No need or topic should be off limits. Be brave and be transparent about money, relationships, and anything else that might feel too embarrassing to expose.

Share:
Use mutual invitation to have every single person express a need and ask for help. Practice vulnerability and humility both by being willing to share a need/request help as well as by being willing to help gently clarify the needs of others and sacrificially meet their needs. (A quick note about requests: they are not all automatically entitled to a “Yes” response. Sometimes, requests must be met with a No, which happens when individuals take honest inventory of what kind of help they are capable of offering.)

Respond:
As each person shares, allow the group to adequately respond before moving on. If more information is needed, ask clarifying questions. Once a need and request have been effectively communicated, pause for 30 seconds of silence to reflect on this request and then invite the group to respond. During the silence, consider:

  1. Do you understand the request?
  2. Does it seem like a fair request?
  3. Are you able to meet the need as requested, or are there other ways you would like to offer your support?

 

Do not move on to the next person until the group has actually responded to the need shared. For anyone who is unable to articulate a need, take 30 seconds to hold this brother or sister before the Lord, and then allow the group to suggest a possible perceived need and offer for help. Use the following format:

Group member: “(Insert person’s name), I feel like you might need (insert perceived need). Is this true?”
Original sharer: either “Yeah I do need ________,” or “No I don’t need _________.”
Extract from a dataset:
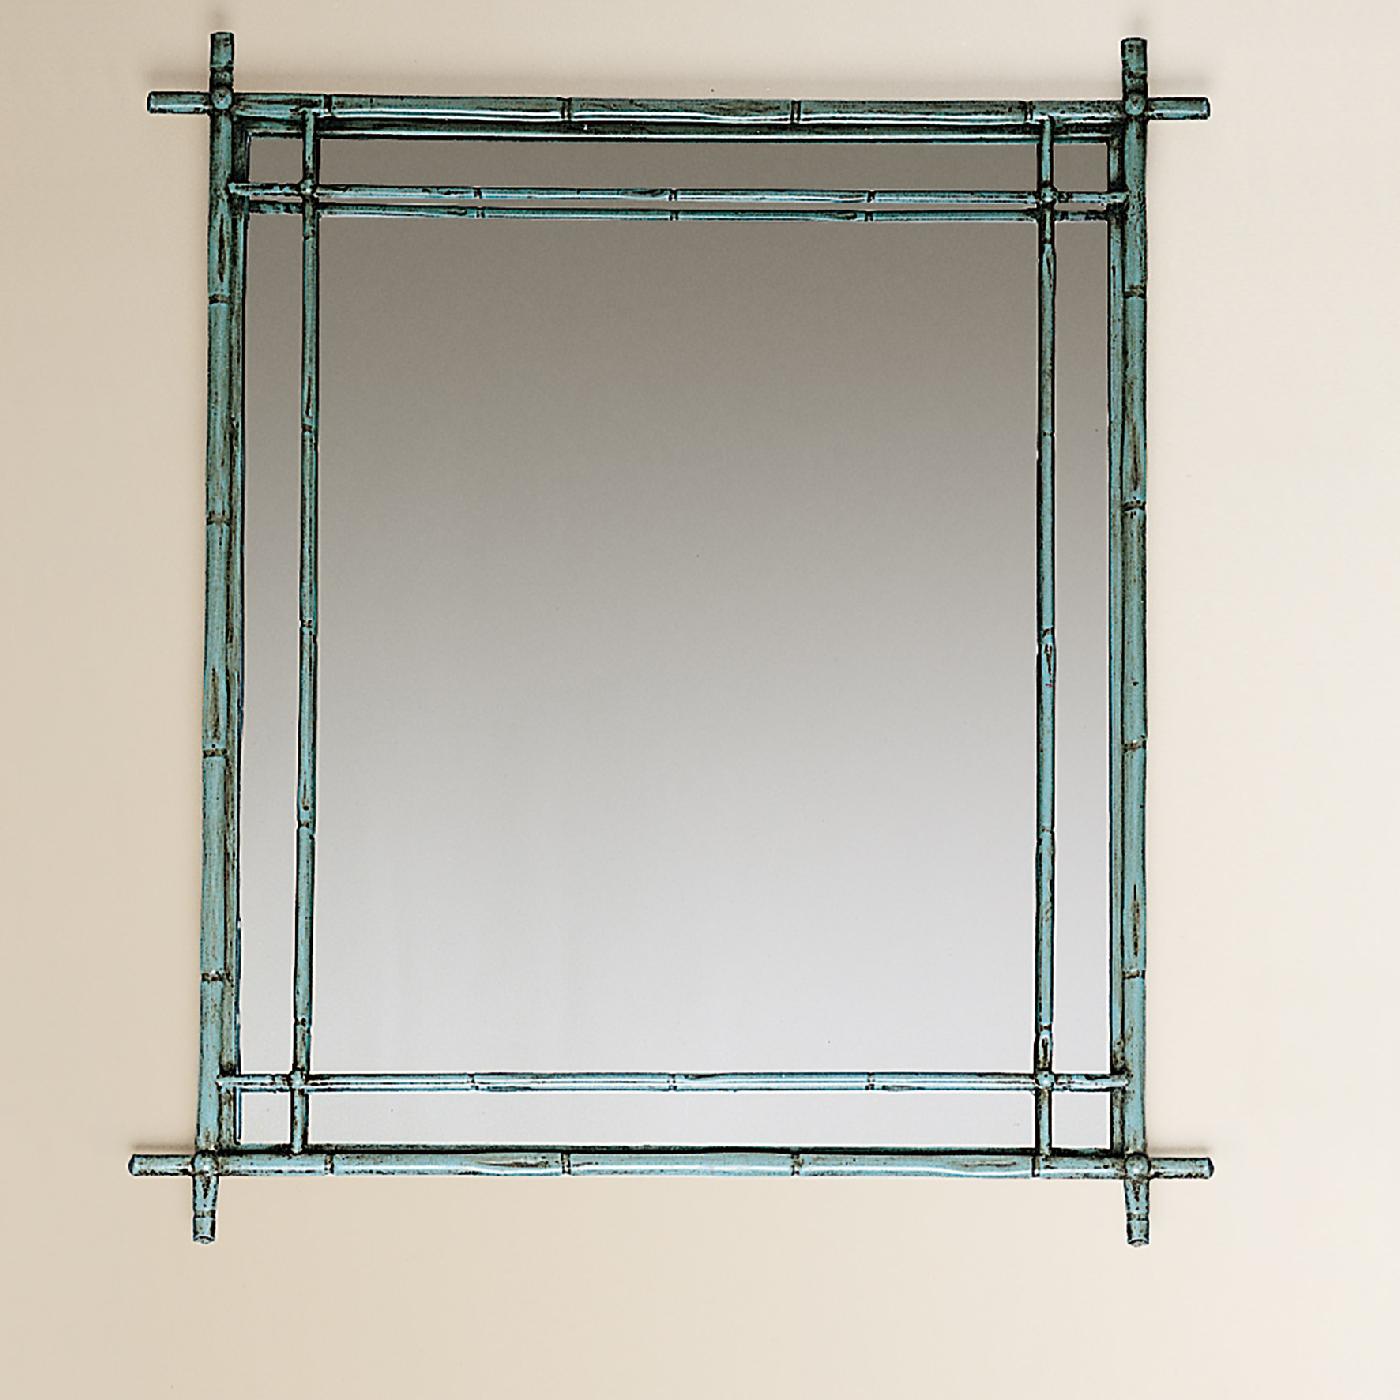 Timeless and elegant, this mirror will look stunning in any interior. A double decorative element divides the rectangular reflective surface while enclosing it in a delicate frame crafted of forged iron in the shape of slender bamboo sticks. Used to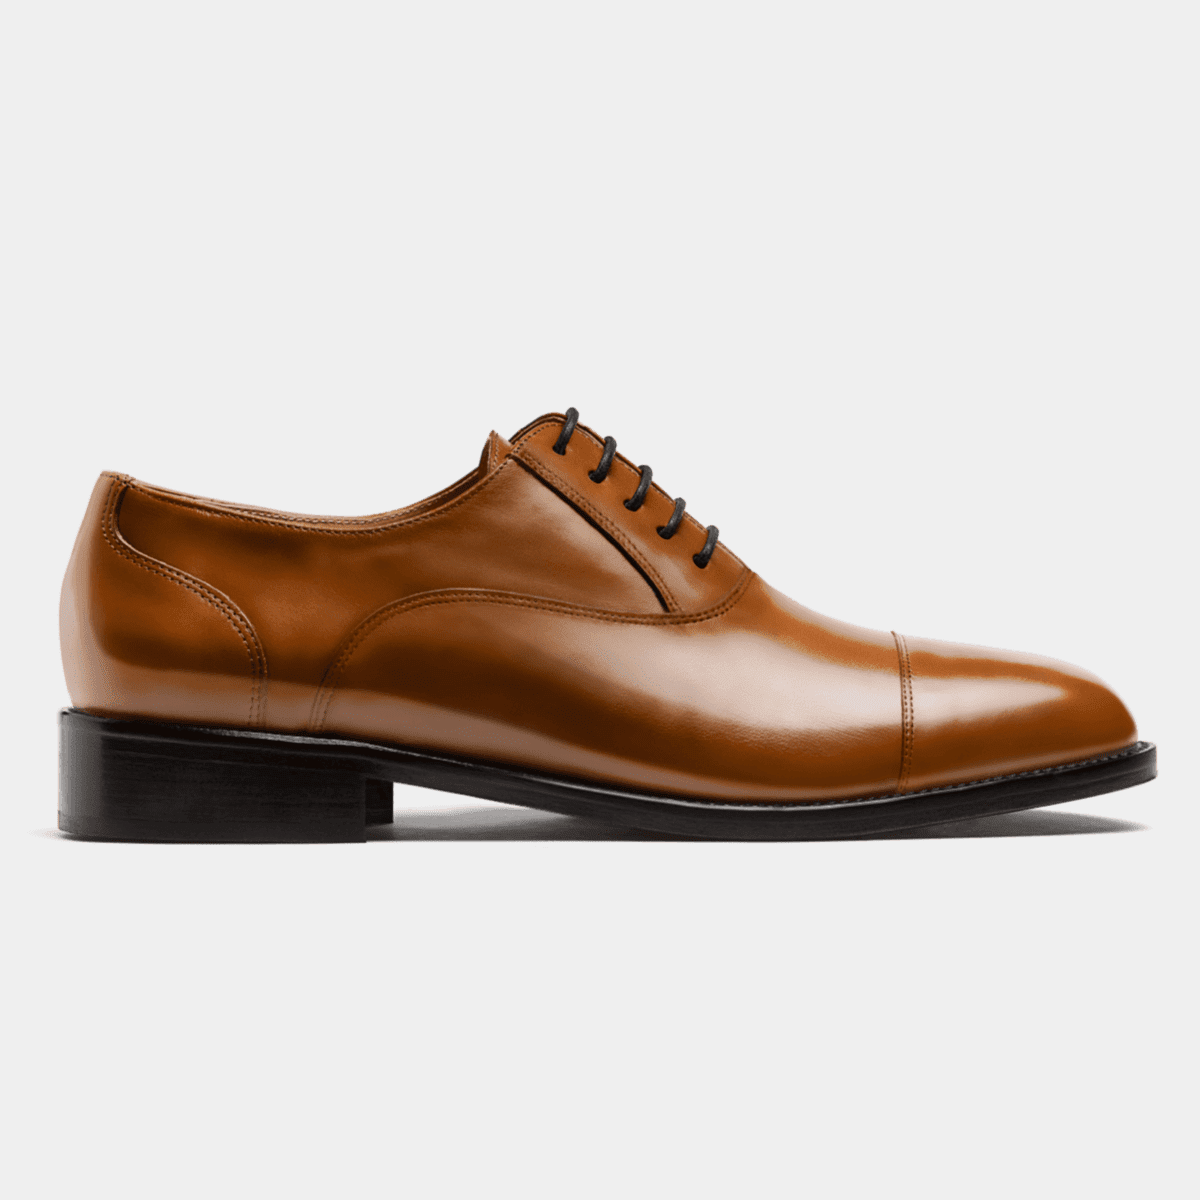 Absurd connect sick Bespoke Shoes for Men - Hockerty

If the response is no, allow space for another person to try again. If it’s yes, then continue by asking this person how the group can help with this specific need. If the person is able to articulate an action that would be helpful, sit with this and then respond accordingly. If he or she is unable to ask for help, repeat the above process by offering potential suggestions for what might be helpful commitments and allowing them to accept or reject the suggestions.

Debrief:
Discuss what this exercise stirred up in you personally and what it revealed about the community.

  1. Did you love this or hate this? Why do you think it made you feel this way?
  2. Were requests accepted and needs able to be met?
  3. What did this exercise reveal about the neediness and/or privilege of this community?
  4. How much vulnerability, interdependence and mutual trust exists so far within this community?

 

Pray:
Close your time by reading 2 Corinthians 4:5-12 aloud and praying for one another, expressing empathy for whatever you heard shared and confessing any pride or resistance this time stirred up in you.